BEIRUT: After reaching a late-night deal with the union to allow official exams to begin later this week, Education Minister Elias Bou Saab pressed lawmakers Wednesday to resolve the wage hike issue to end the teachers’ strike to ensure the tests would be graded on time.
“I did my job, and now politicians must shoulder their responsibility to find a solution to the exam correction [boycott],” Bou Saab told a local television channel. “I’m not going to face off with teachers and I’m not willing to pressure them into correcting the exams because they have rights.”
Bou Saab said he had agreed with the Union Coordination Committee Tuesday to postpone official exams until Friday in a last-ditch deal to avert a major confrontation.
The agreement, which was reached around midnight following a marathon meeting Tuesday between Bou Saab and UCC officials, came after Parliament failed to discuss the wage hike bill during a daytime legislative session, ignoring the UCC’s key demand in exchange for it going ahead with the official school exams.
The issue of whether the exams would be graded remains unresolved pending the bill’s approval, an aspect both Bou Saab and UCC head Hanna Gharib highlighted.
Future MP Ghazi Youssef slammed Finance Minister Ali Hasan Khalil Wednesday, accusing him of “toying with politics” regarding the controversial bill that has split Lebanon’s politicians.
“We are always ready to sit down with the finance minister, but unfortunately he is toying with politics while evading his responsibility and putting the blame on others,” Youssef told the Voice of Lebanon radio station.
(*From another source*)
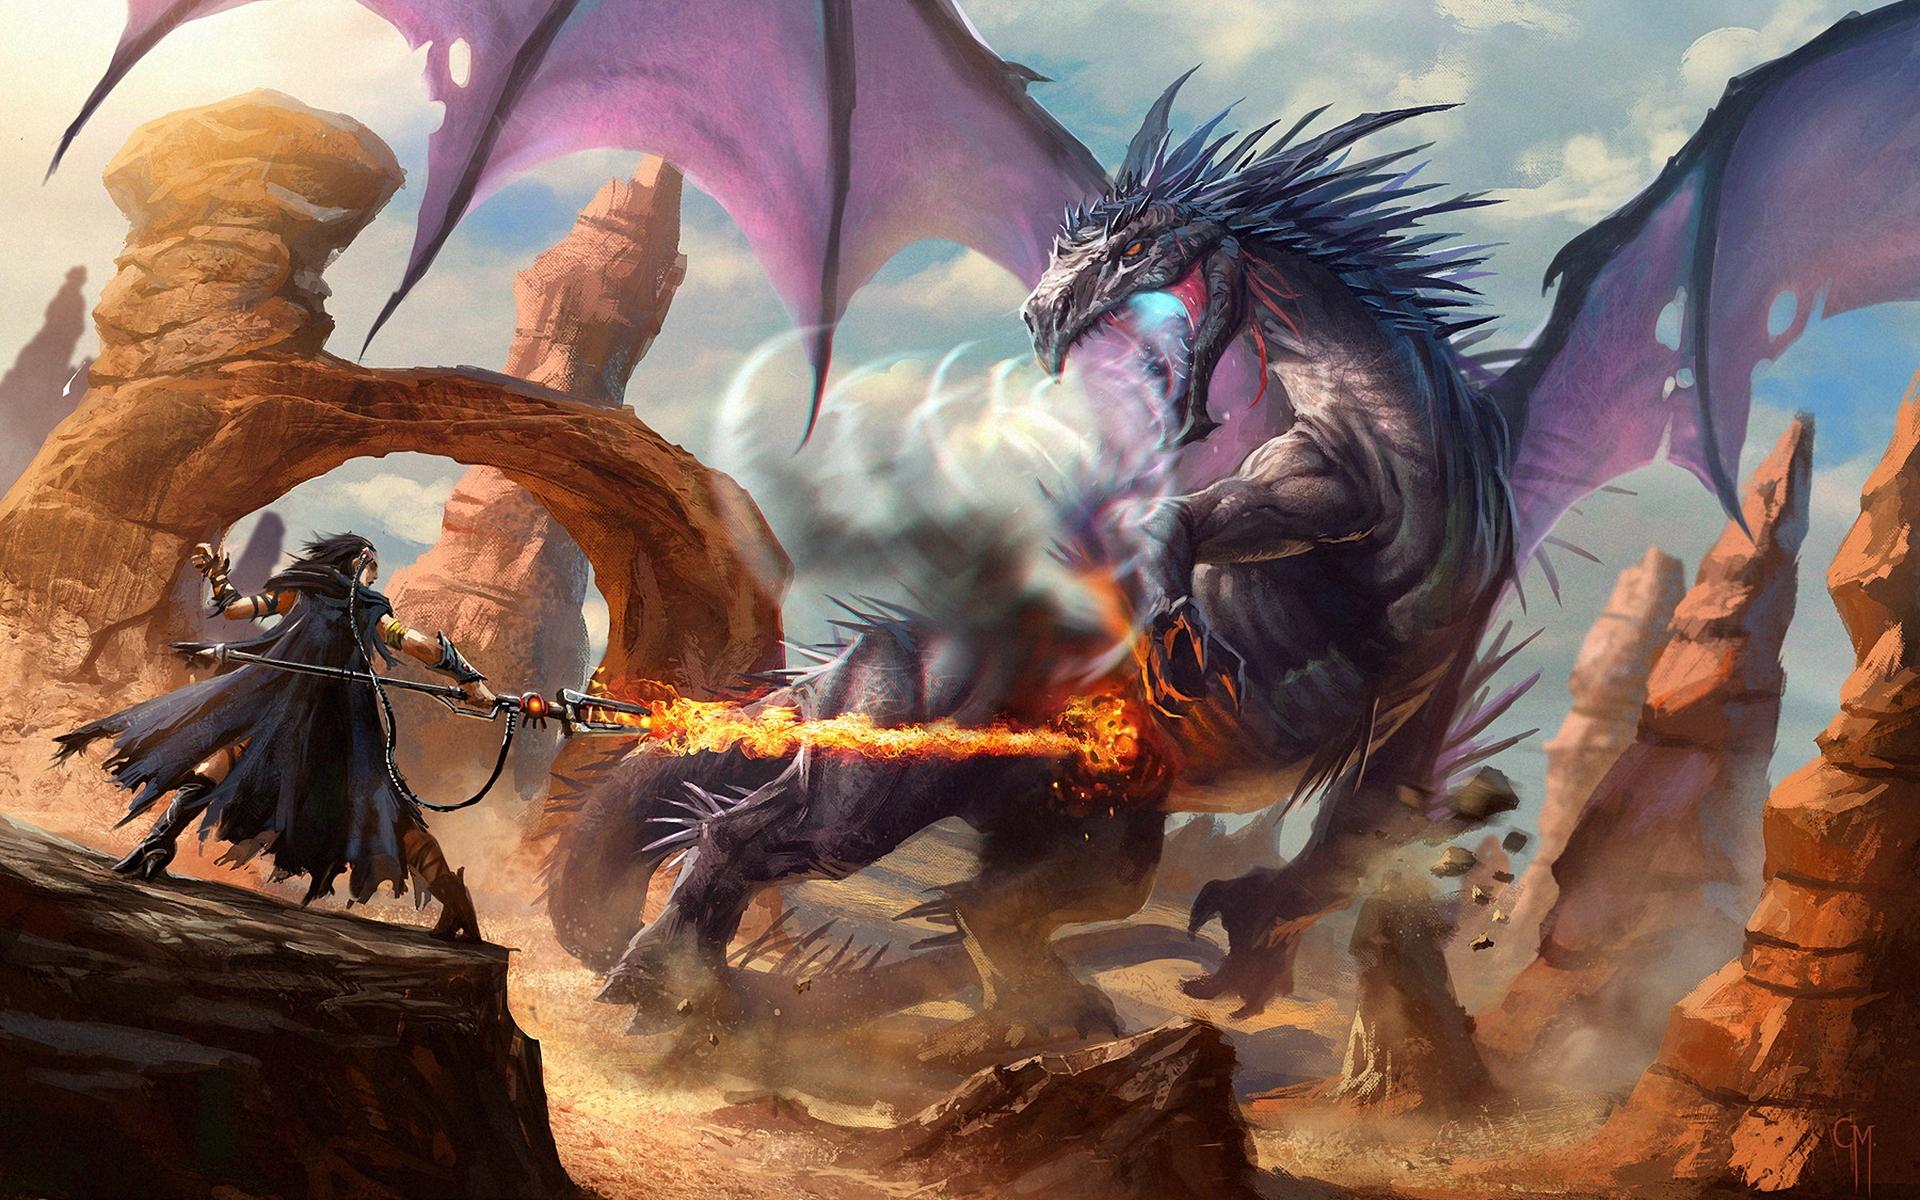 dragons fantasy wallpaper 1920x1200 - photo #36

The “Future bloc is ready again to look into the details and the figures of the salary scale.”
Labor Minister Sejaan Azzi hailed Bou Saab’s decision to hold the exams, but dubbed the compromise deal “shameful.”
“Holding exams without correcting them or announcing the results means we continue to use students as hostages,” Azzi told Future TV.
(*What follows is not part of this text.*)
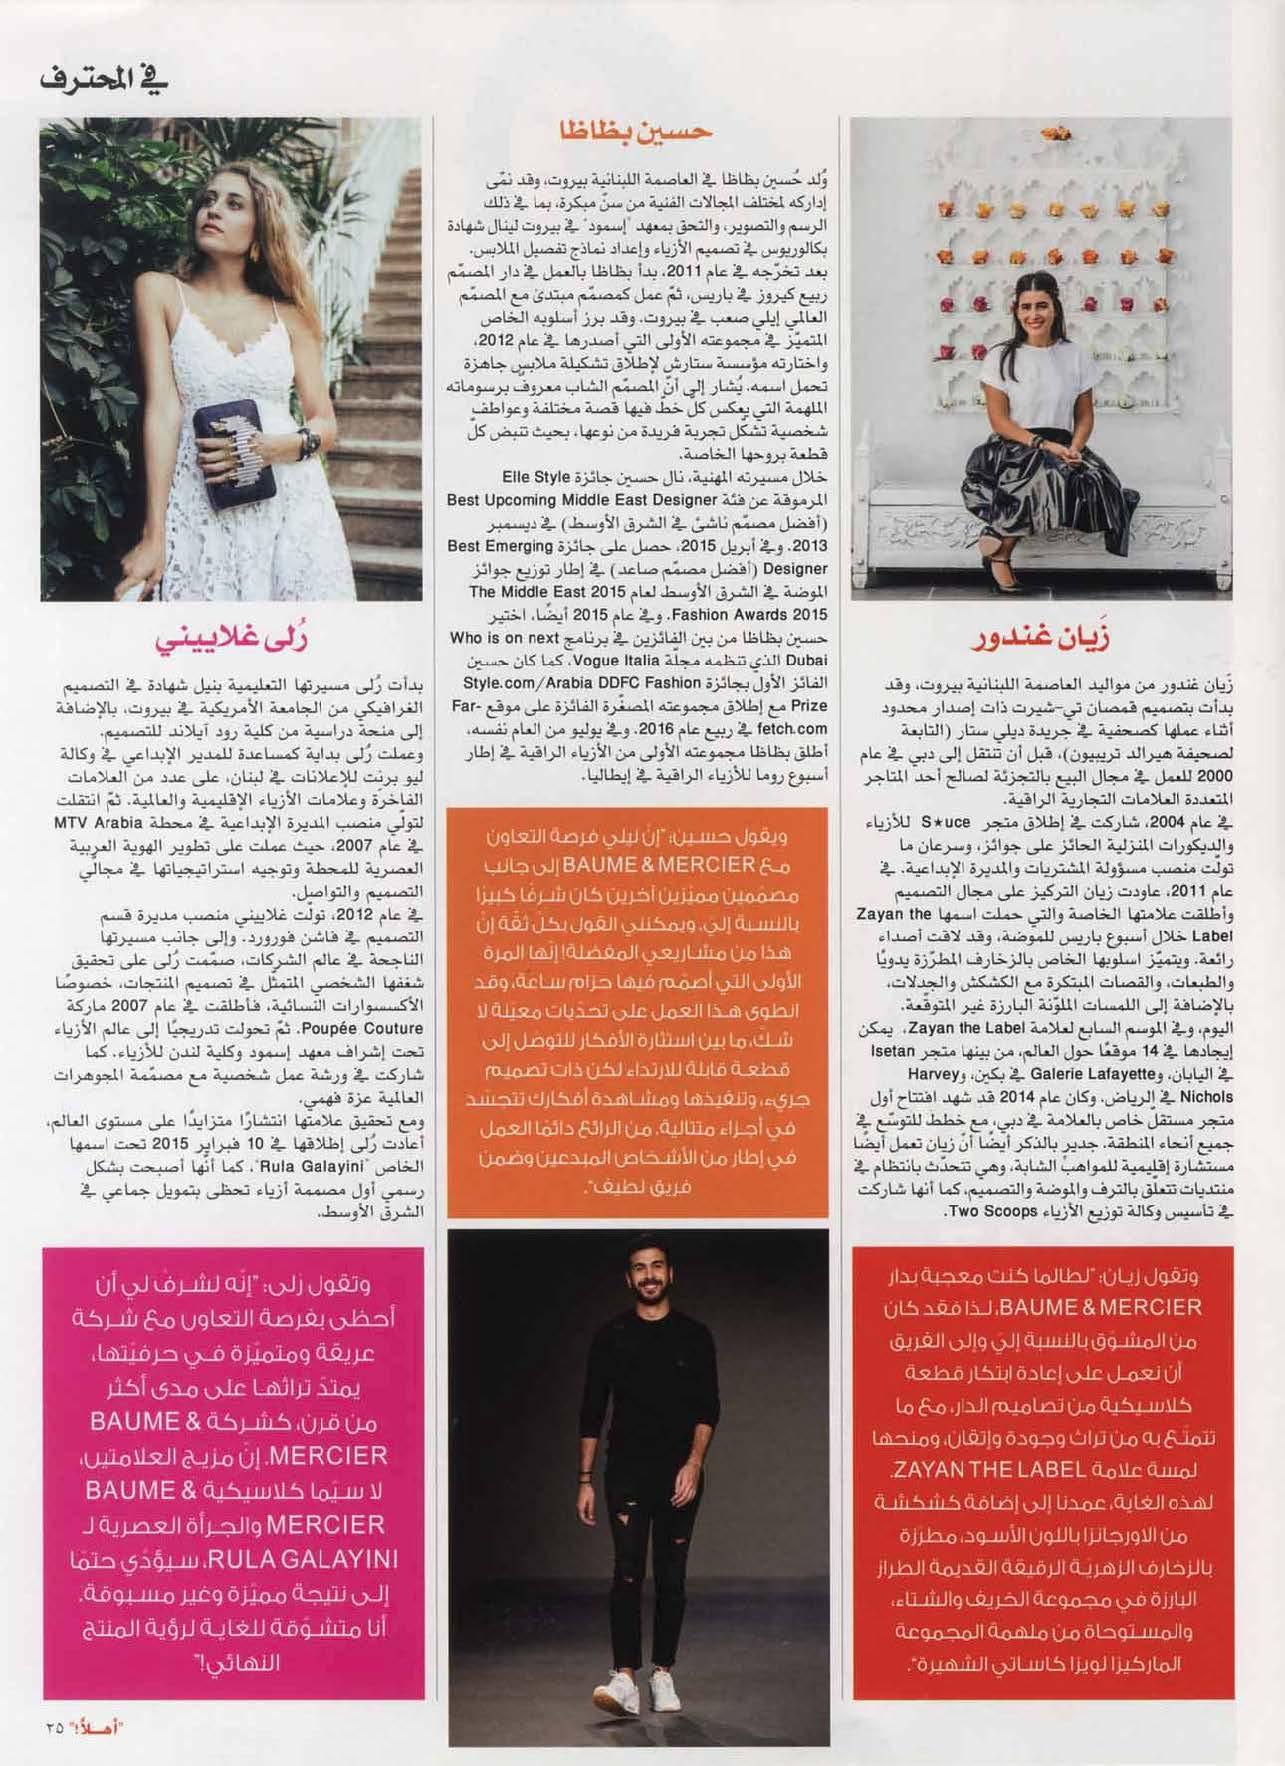 Ahlan! Arabia.Baume Mercier.5-11 Oct_Page_2.jpg

“This issue must come to an end,” he said, suggesting that the government hold a “tripartite national dialogue” with employers and trade unions to regulate the right to strike and demonstrate.
Also Wednesday, Bou Saab inspected the exam preparation center on the first floor of the Education Ministry.
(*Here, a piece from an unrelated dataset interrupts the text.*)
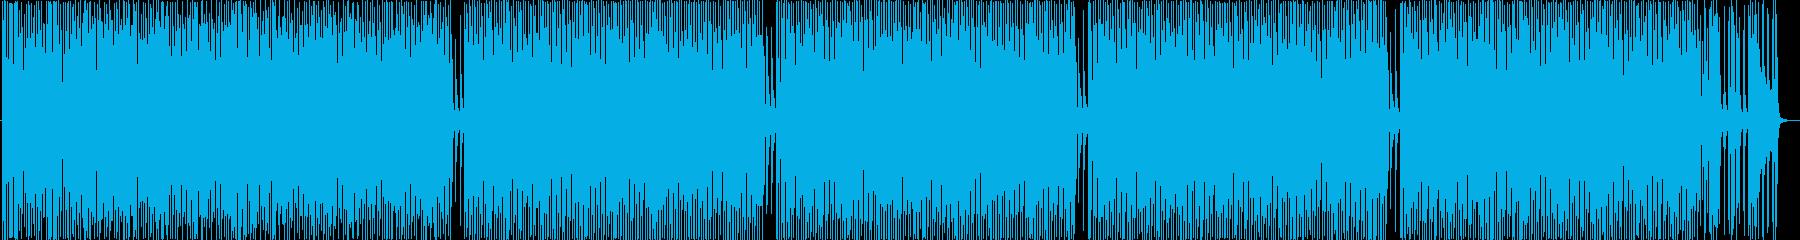 CMやオープニング等_カントリー風BGMの再生済みの波形

He toured the administrative offices, the working rooms and bedrooms of the exams committees, and the isolated test banks. He also checked on the printing room and the braille printer for blind students, the wax sealing process for the envelopes containing the exam questions, and the room with jamming devices, which are overseen by the Lebanese Army, that prevent all types of electronic communication by the committee
Bou Saab also monitored the safety of the windows and the way the steel doors were locked.
Flicking through the books that chronicle the history of the official exams since the early 1920s, he expressed his interest in “this treasure which records the educational history of Lebanon and the figures that lived through that era and established the emergence of Lebanon.”
He confirmed that all logistical, administrative and educational preparations were ready, adding that he was satisfied about the participation of the teachers and the UCC in the process.
Bou Saab stressed that the exams should maintain their “impartiality, accuracy and transparency and their importance in the preparation of generations of Lebanon.”
Separately Wednesday, the Lebanese University announced the resumption of its academic year and exams starting Thursday after its board of deans decided in late May to postpone exams until June in protest at the government’s failure to assign people to replace the council’s acting deans.